The Old Testament offers a lacklustre image of its kings: with the exception of the “good kings” (models of piety such as David and Solomon), they needed to be subjected to the prophets’ authority. It is probably thus that the verse of the Qur’an censuring the Jewish deniers needs to be interpreted: “Or have they a share in the Kingdom? If that is so, they do not give the people a single date-spot” (Qur’an 4:53). As in the book of Daniel (chapter 7), the Apocalypse (13:1-2) sees the power of the king as the quintessence of the terrifying and evil beast. The Evil that is expressed through the Roman Empire’s despotism is all the more perfidious in that it obtains men’s assent. Evidently, true domination can only exert its power because it persuades those being dominated that it is acting for their good. Unless there is voluntary servitude. It is here that the Christian lesson comes into play: through death and humiliation, Jesus achieves kenosis, that exercise of authority that is the antithesis of domination, because His kingdom is not of this world.

The Qur’an sometimes uses the word mulk in relation to David: “We strengthened his kingdom and gave him wisdom and speech decisive” (Qur’an 38:20). It seems, however, to reserve it to Saul and, obviously, to Pharaoh. One can therefore understand why, apart from Adam, who represents the entirety of the human race, David is the only person to receive the qualification of “caliph” in the Qur’an.[6] It is thus prophecy that brings with it ethics and wisdom, since terrestrial monarchy – too subject to human passions – has been discredited. Nevertheless, despite their status as the chosen ones, the prophets are in no way spared by the Qur’an: it presents them in a very human light because they have sinned, lied, betrayed and even killed. With the exception, obviously, of Jesus; the only one who did not fail and could not fail.

If those on whom God conferred temporal power as a gift are excluded, the Qur’anic concept of kingship appears rather discredited, referring as it does to the evil power of the wicked despot; of which Pharaoh is the archetypical figure.

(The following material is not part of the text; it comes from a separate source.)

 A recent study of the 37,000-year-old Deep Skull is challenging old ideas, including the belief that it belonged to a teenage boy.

That is why the man who assassinated the Egyptian ex-president, Anwar el-Sadat, shouted, “I’ve killed the Pharaoh!”[7]

 

Two Tests and One Single Illusion

The sura of the Ant (27), which involves the famous Queen of Sheba (or Bilqīs, for the Muslim commentators), is edifying from this point of view. If the term “queen” (malika) is not mentioned any more frequently than the actual name of the female sovereign, the semantic wealth of the verb malaka at verse 23 – uttered by the hoopoe (al-hudhud) that informs Solomon of the existence of a woman who reigns over her people (imra’tan tamlikuhum) – is enough to indicate, simultaneously, the holding of power and the might and the possessions that accompany it. The short verse is rendered even richer by two other specific details: “she has been given of everything and she possesses a mighty throne” (wa ūtiyat min kulli shay’in wa laha ‘arshun ‘azīm).

One remains struck by the profusion of meaning in this verse that describes in such laudatory terms the mighty and magnificent power of a queen who is, moreover, a polytheist and sun-worshipper; at least, before her conversion. The praise of Bilqīs’s throne is nevertheless tempered by verse 24, in which the hoopoe, relaying the word of God, states that “Satan has decked out fair their deeds to them and he has barred them from the way, and therefore they are not guided.”

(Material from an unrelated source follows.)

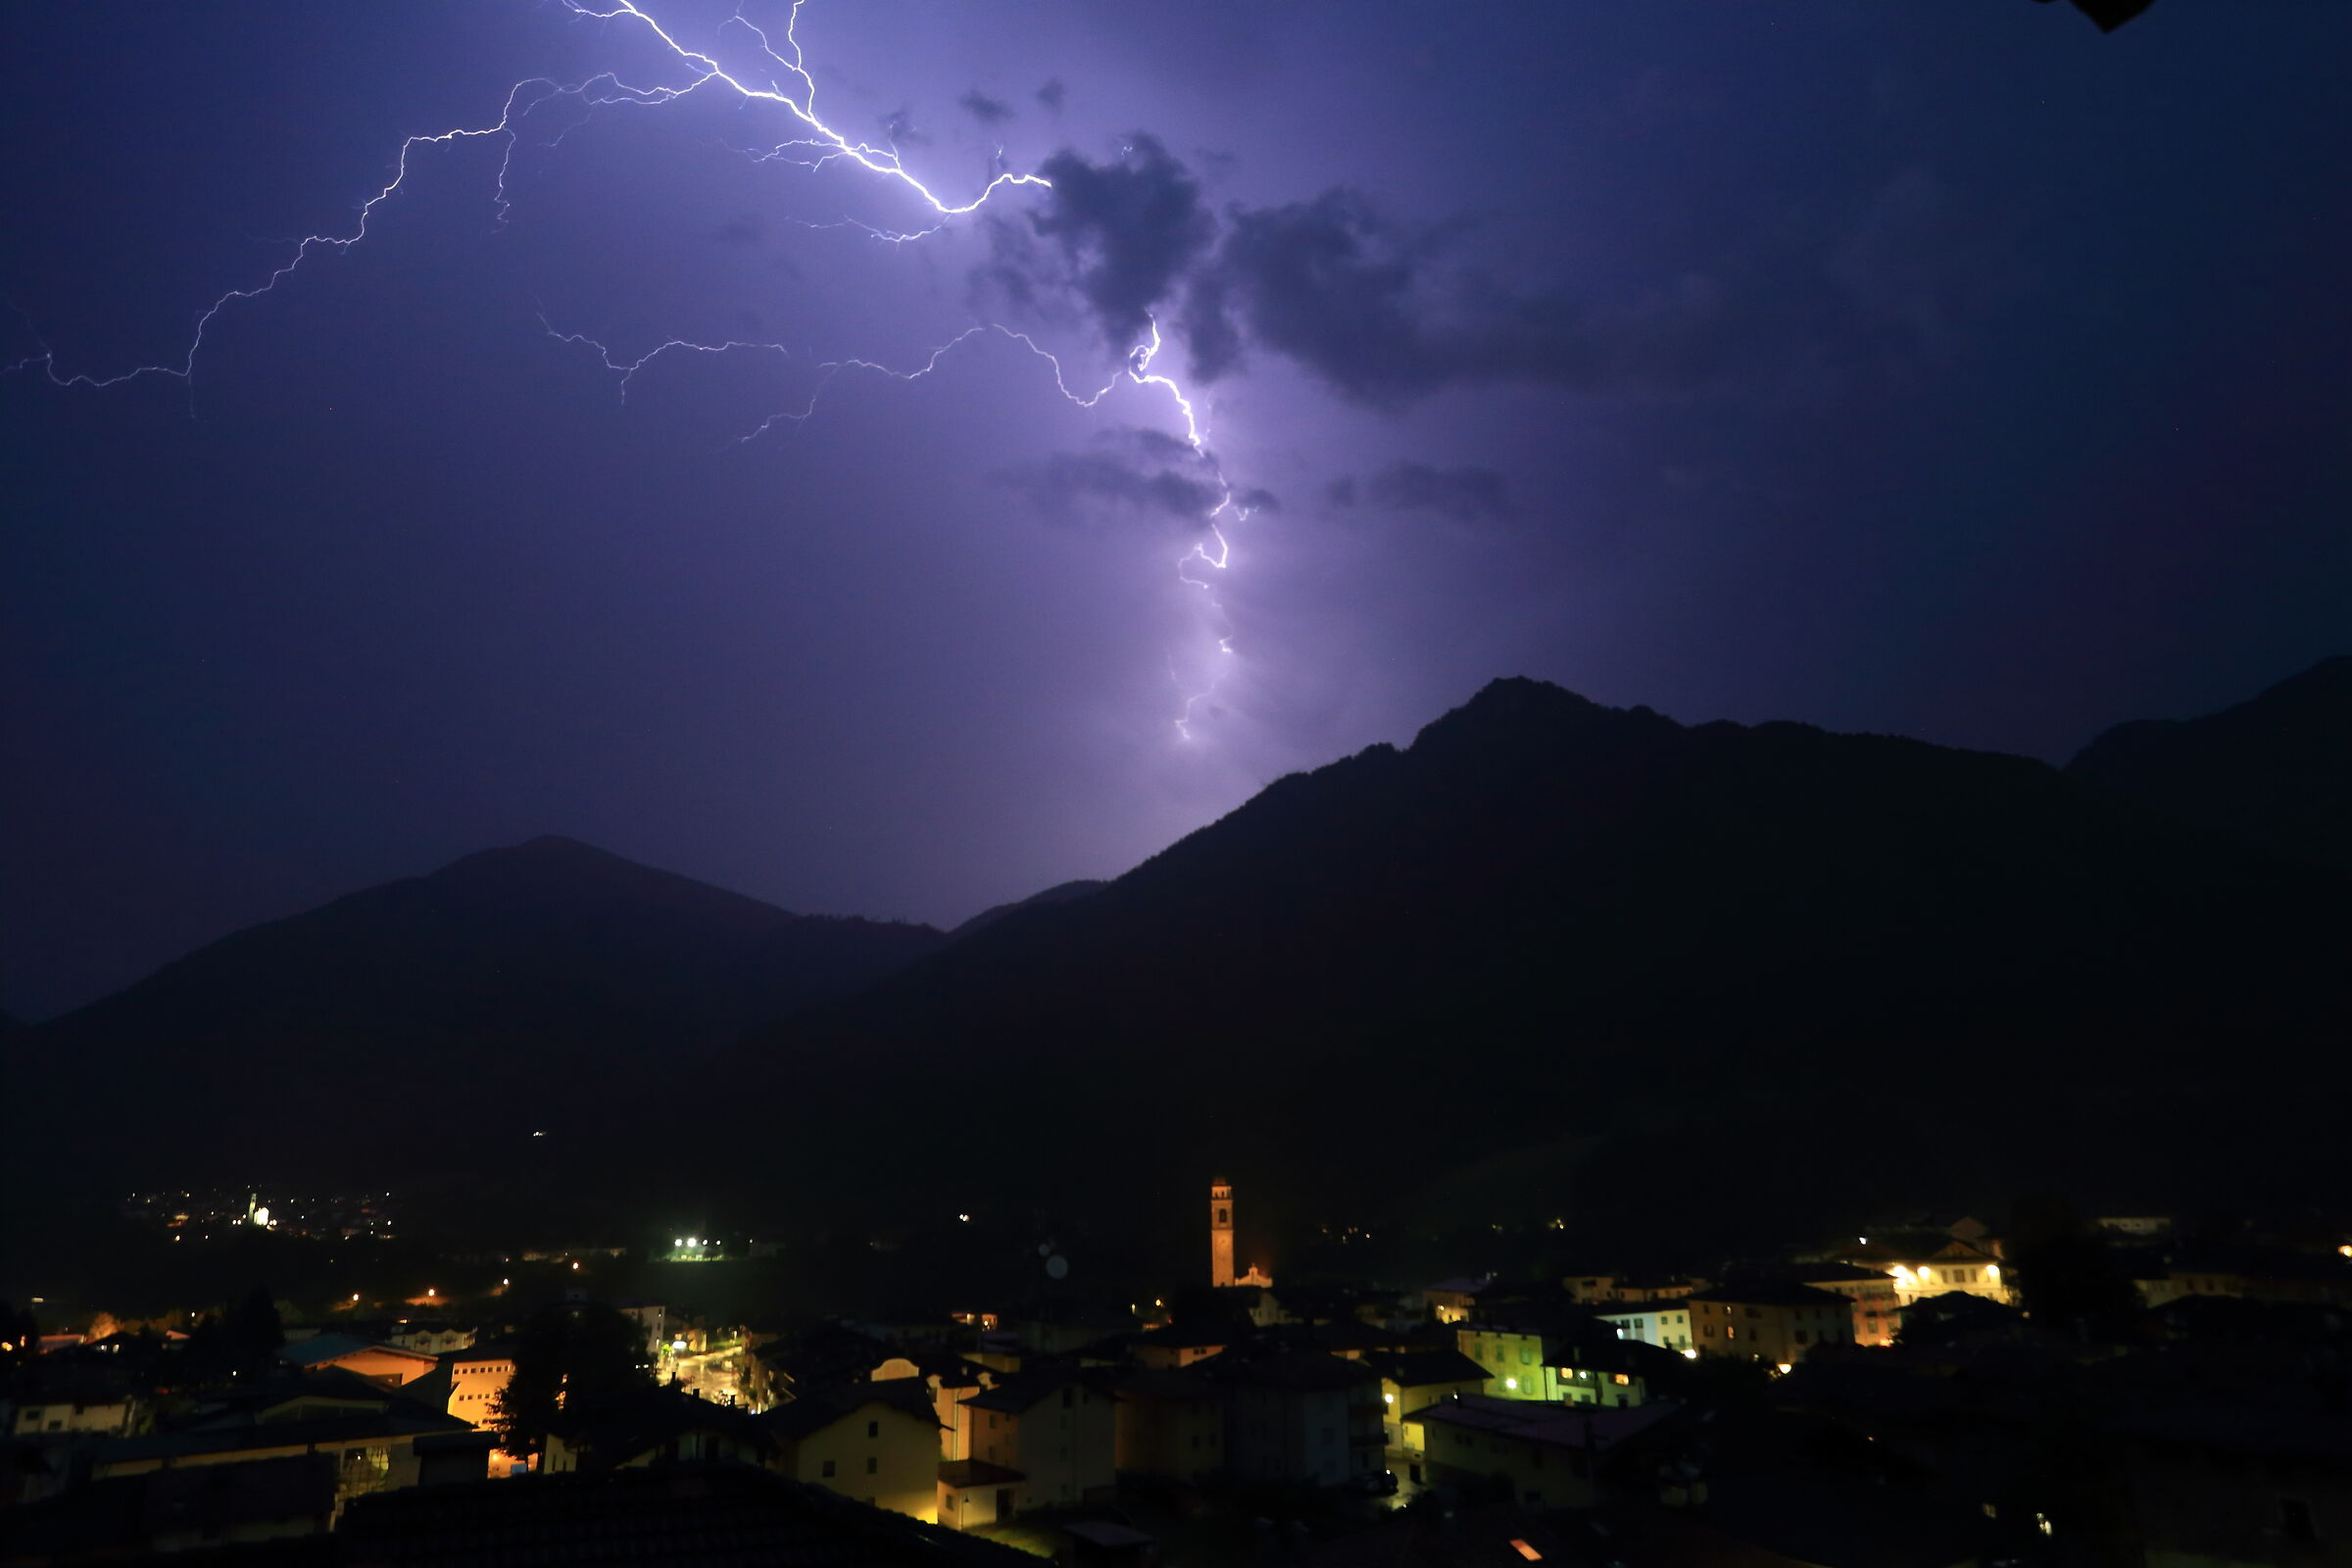 Thunderstorm at Tione di Trento...

The same Queen of Sheba is far from exhibiting the negative attributes of evil power, however. Alerted by Solomon’s ultimatum that orders her to submit (to God), she declares to her Council, “Kings, when they enter a city, disorder it and make the mighty ones of its inhabitants abased. Even so they too will do” (Qur’an 27:34).

It is a strange exchange, this cut and riposte between the polytheist queen and the king-prophet on whom God has conferred the power to command men, jinn and animals; in which she stands out for her wisdom and diplomacy whereas Salomon appears as an arrogant monarch, threatening to attack, drive out, degrade and humiliate, almost in the same terms as those used by Bilqīs in her critique of power. But she distinguishes herself, above all, for the way in which she exercises power within her kingdom, where she consults with her Council. She is an enlightened sovereign who rules by sharing responsibilities and asserts herself before a Solomon who orders, challenges and threatens. She negotiates, whereas he gives orders. Solomon is overcome only by the hoopoe, which informs him and reminds him – despite the king-prophet’s shouting and threats – that it knows things that he does not. Solomon obviously has every good reason to assert his own superiority, that pre-eminence that he has received from the double privilege of submitting to God and having, consequentially, a new knowledge, this ‘ilm that God states He has given him, just as He had given it to his father, David. Solomon was to exercise this thaumaturgic gift by subjecting Bilqīs to two tests: first by making a jinn bring the queen’s throne, in a transformed state. The queen is asked whether the throne she sees is hers and passes the test by prudently answering, “It seems the same.” Then, subsequently, by making her cross a crystal floor: she mistake it for an expanse of water and bares her legs. What appeared to be a failure is, in reality, a success because the queen had understood the meaning of the enigma by recognising that the only true power is God’s.

Two tests and one single illusion: that of power and the throne, which is only appearance, given that the true throne belongs solely to God, creator and re-creator of all things. It is odd that, in order to illustrate the vanity of human power that does not come from God, the Qur’an has taken the example of a queen full of wisdom; as if it wanted to communicate the incompleteness of her queenship until she had (through Solomon) submitted to God.

 

Idols and Objects of Veneration

“Mine is not a kingdom of this world,” Jesus said. The parallel with Christ’s message is all the more surprising if one takes account of another verse that contains a repudiation of every kind of power founded on the religious message, whether it be prophetic or clerical: “It belongs not to any mortal that God should give him the Book, the Judgment, the Prophethood, then he should say to men, ‘Be you servants to me apart from God.’ Rather, ‘Be you masters in that you know the Book, and in that you study’” (3:79).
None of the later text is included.